The bills are starting to arrive for Britain for the black comedy known as Brexit with Moody’s warning that it could further cut the UK’s sovereign debt rating.
The ratings group said Brexit had eroded the country’s ability to tackle the challenge of its high levels of borrowing.
“It would be optimistic to assume that the previously cohesive, predictable approach to legislation and policymaking in the UK will return once Brexit is no longer a contentious issue, however that is achieved,” the ratings agency said in a statement issued late on Saturday morning, our time after trading had closed around the world.
Moody’s stripped the UK of its AAA rating in 2013, well before the 2016 Brexit referendum, and downgraded it again in 2017. It said in the statement that while it was affirming its Aa2 rating on Britain’s sovereign debt, it had moved the outlook from stable to negative, which usually means a downgrade in the next 18 months.
Prime Minister Boris Johnson has called a December 12 election in an attempt to break the three-year deadlock.
Moody’s said the “increasing inertia and, at times, the paralysis that has characterised the Brexit-era policymaking process” showed how the UK’s institutional framework had diminished.
The decline in institutional strength appeared to be structural in nature, it said, and was likely to continue after Brexit, given what it said were deep divisions within society and the country’s political landscape.
It also said the government, after taking steps to reduce Britain’s budget deficit between 2010 and 2015, had been increasingly willing to “move the goalposts” on fiscal targets in recent years.
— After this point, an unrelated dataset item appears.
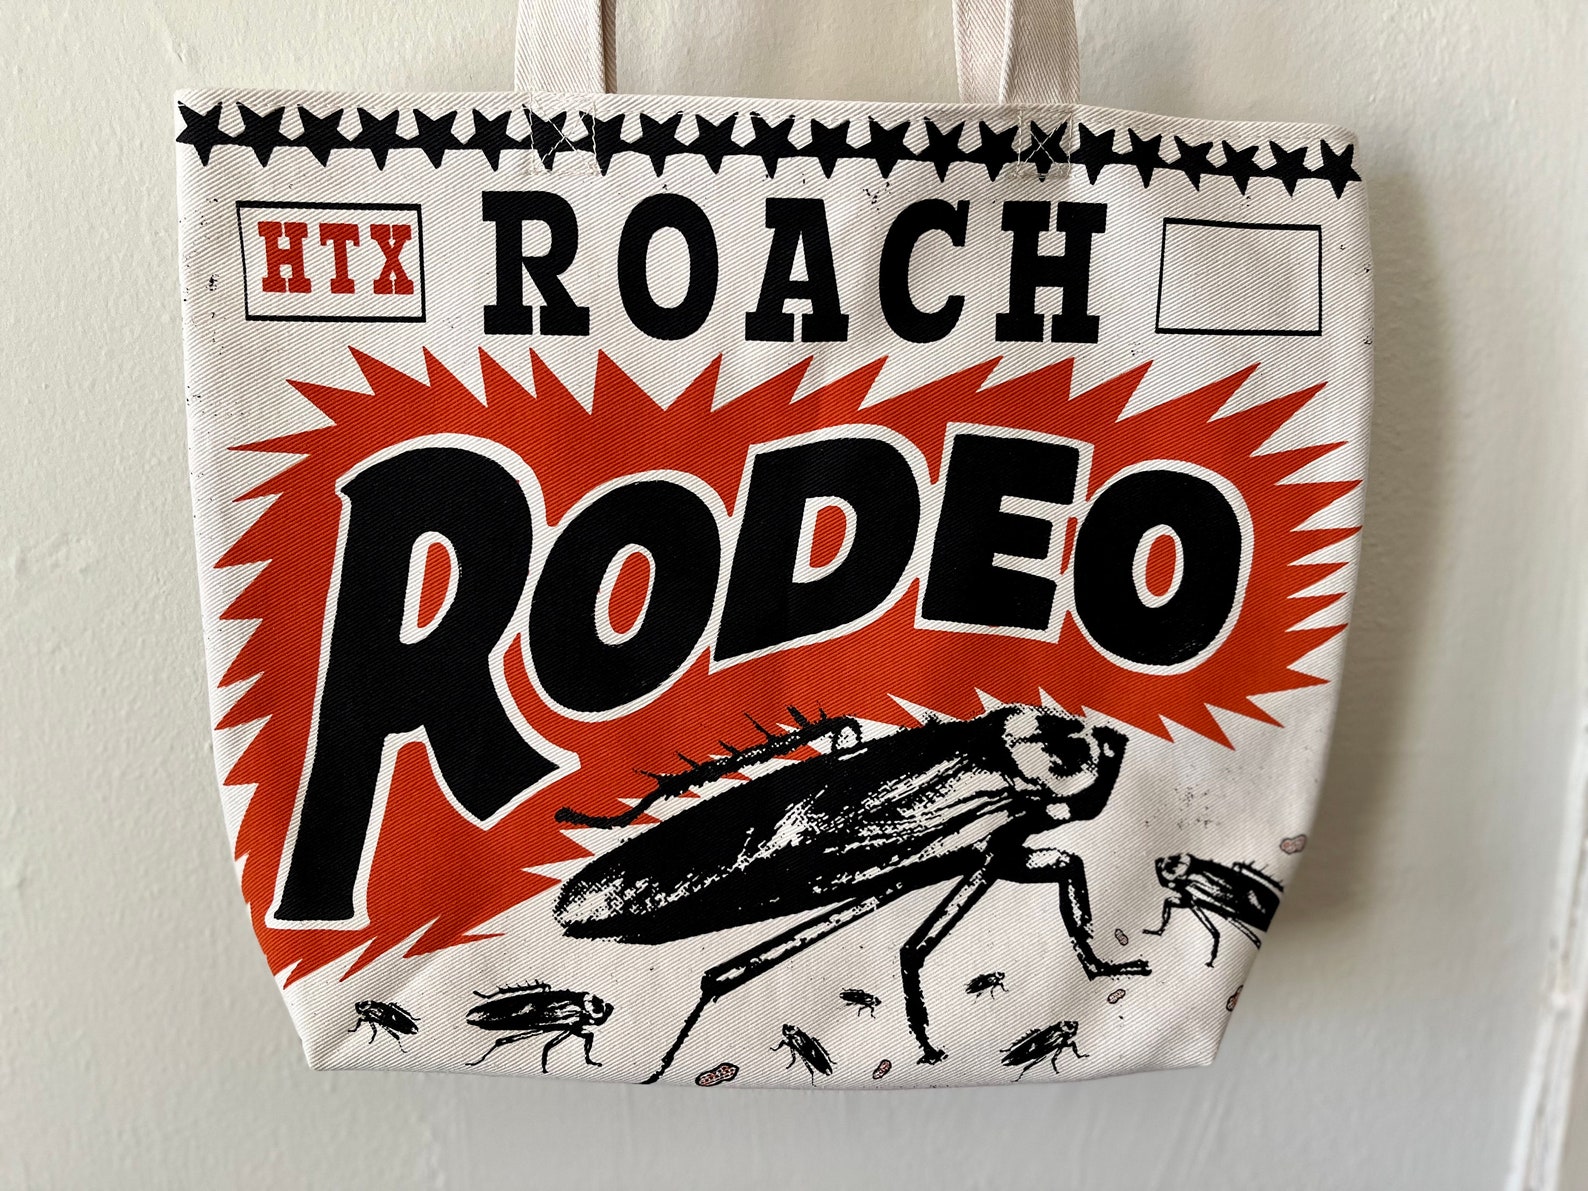 Roach Rodeo Tote

“Successive governments have announced large, permanent increases in public expenditures, most notably a large increase in spending on the National Health Service (NHS), outside the normal calendar for fiscal policy changes and without detailed policy plans,” it said.
Both of the main political parties have promised big spending increases ahead of next month’s election.
Moody’s said the risk was that Britain’s 1.8 trillion pounds of public debt – more than 80 percent of annual economic output – would begin to rise.
“In the current political climate, Moody’s sees no meaningful pressure for debt-reducing fiscal policies,” it said.